Dalam memahami tentang Rukun perkawinan ini ada beberapa buku dan pendapat yang
mengutarakan dan menguraikan dengan susunan yang berbeda tetapi tetap sama
intinya. Pernikahan yang di dalamnya terdapat akad, layaknya akad-akad lain yang
memerlukan adanya persetujuan kedua belah pihak yang mengadakan akad.

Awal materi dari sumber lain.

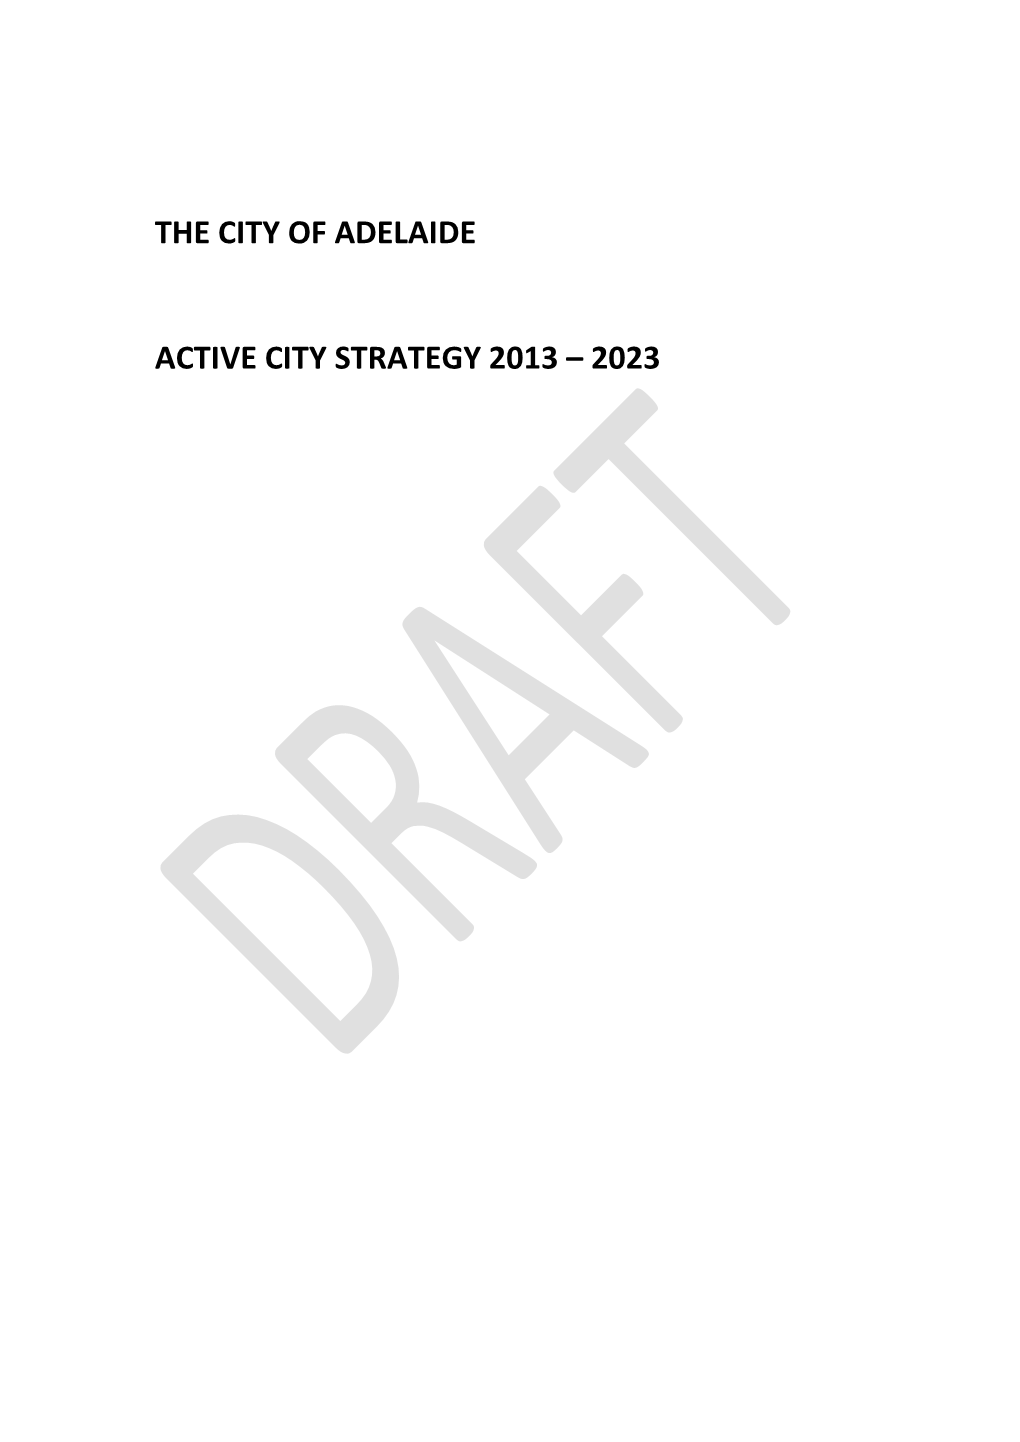 The City of Adelaide Active City Strategy 2013 – 2023

Imam Malik mengatakan bahwa rukun nikah itu ada lima macam, yaitu :
1. Wali dari pihak perempuan,
2. Mahar (maskawin)
3. Calon pengantin laki-laki
4. Calon pengantin perempuan
5. Sighat akad nikah
Imam Syafi‟i berkata bahwa rukun nikah itu ada lima macam, yaitu :
1. Calon pengantin laki-laki,
2. Calon pengantin perempuan,
3. Wali,
4. Dua orang saksi,
5. Sighat akad nikah.
Menurut ulama Hanafiah, rukun nikah itu hanya ijab dan qabul saja ( yaitu akad yang
dilakukan oleh pihak wali perempuan dan calon pengantin laki-laki). Sedangkan
menurut segolongan yang lain rukun nikah itu ada empat, yaitu:
1. Sighat (ijab dan qabul)
2. Calon pengantin perempuan,
3. Calon pengantin laki-laki,
4. Wali dari pihak calon pengantin perempuan.

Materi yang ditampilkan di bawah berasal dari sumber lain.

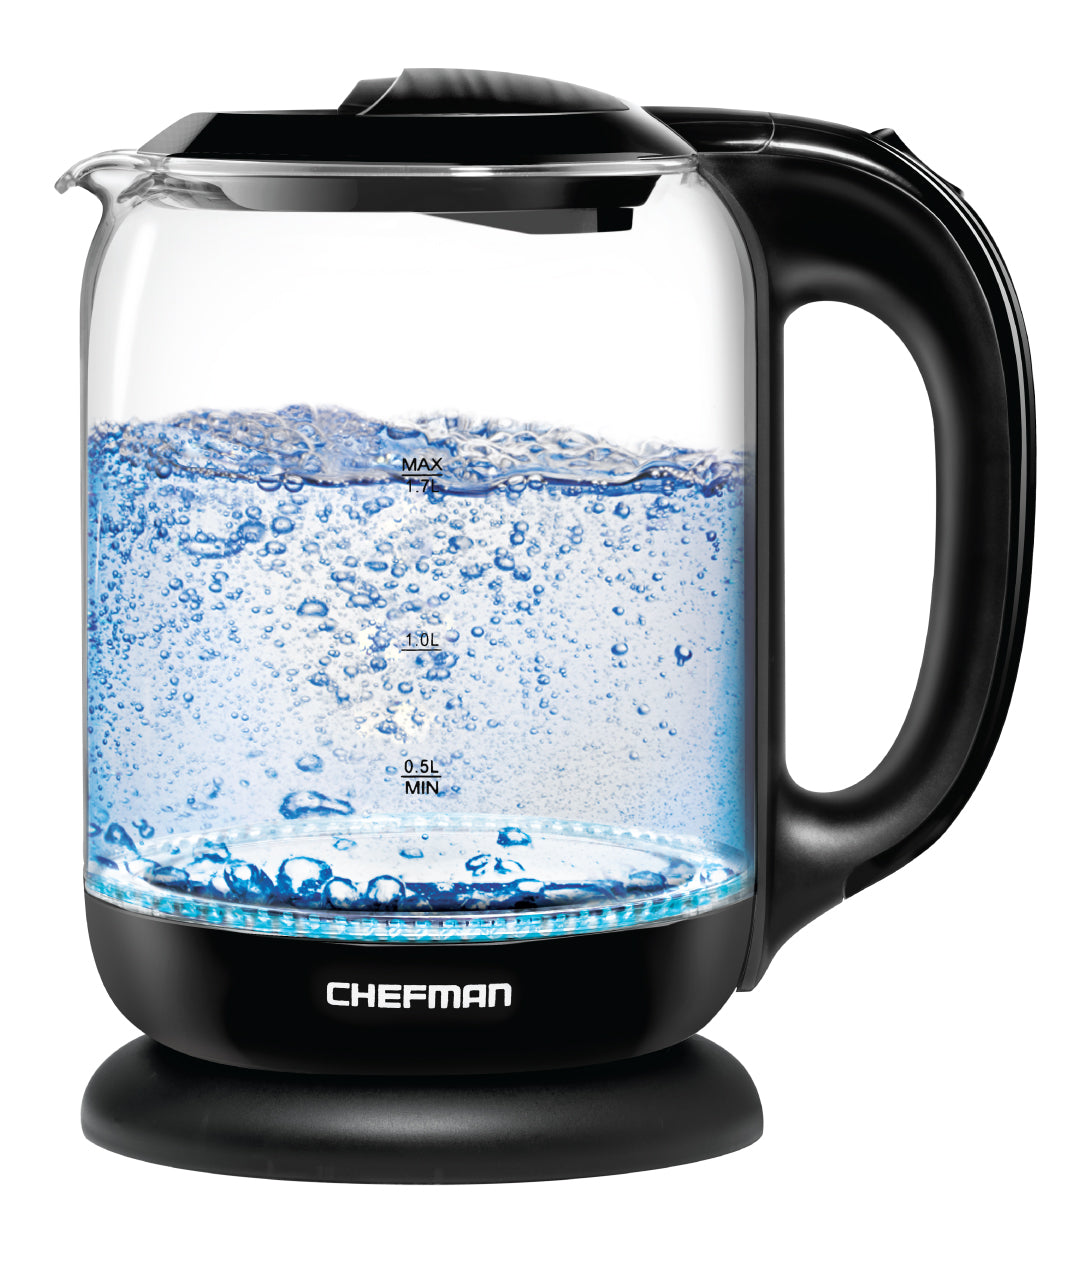 Chefman 1.7 Liter Electric Glass Tea Kettle with One Touch Easy Operation

Pendapat yang mengatakan bahwa rukun nikah itu ada empat, karena calon
pengantin laki-laki dan calon pengantin perempuan digabung menjadi satu rukun.
BAB III
PENUTUP
A. Kesimpulan
Akad nikah mempunyai beberapa rukun dan syarat yang harus dipenuhi. Rukun dan syarat
menentukan hukum suatu perbuatan, terutama yang menyangkut dengan sah atau tidaknya
perbuatan tersebut dari segi hukum. Kedua kata tersebut mengandung arti yang sama dalam hal
bahwa keduanya merupakan sesuatu yang harus diadakan. Dalam pernikahan misalnya, rukun dan
syaratnya tidak boleh tertinggal. Artinya, pernikahan tidak sah bila keduanya tidak ada atau tidak
lengkap. Perbedaan rukun dan syarat adalah kalau rukun itu harus ada dalam satu amalan dan
merupakan bagian yang hakiki dari amalan tersebut. Sementara syarat adalah sesuatu yang harus
ada dalam satu amalan namun ia bukan bagian dari amalan tersebut.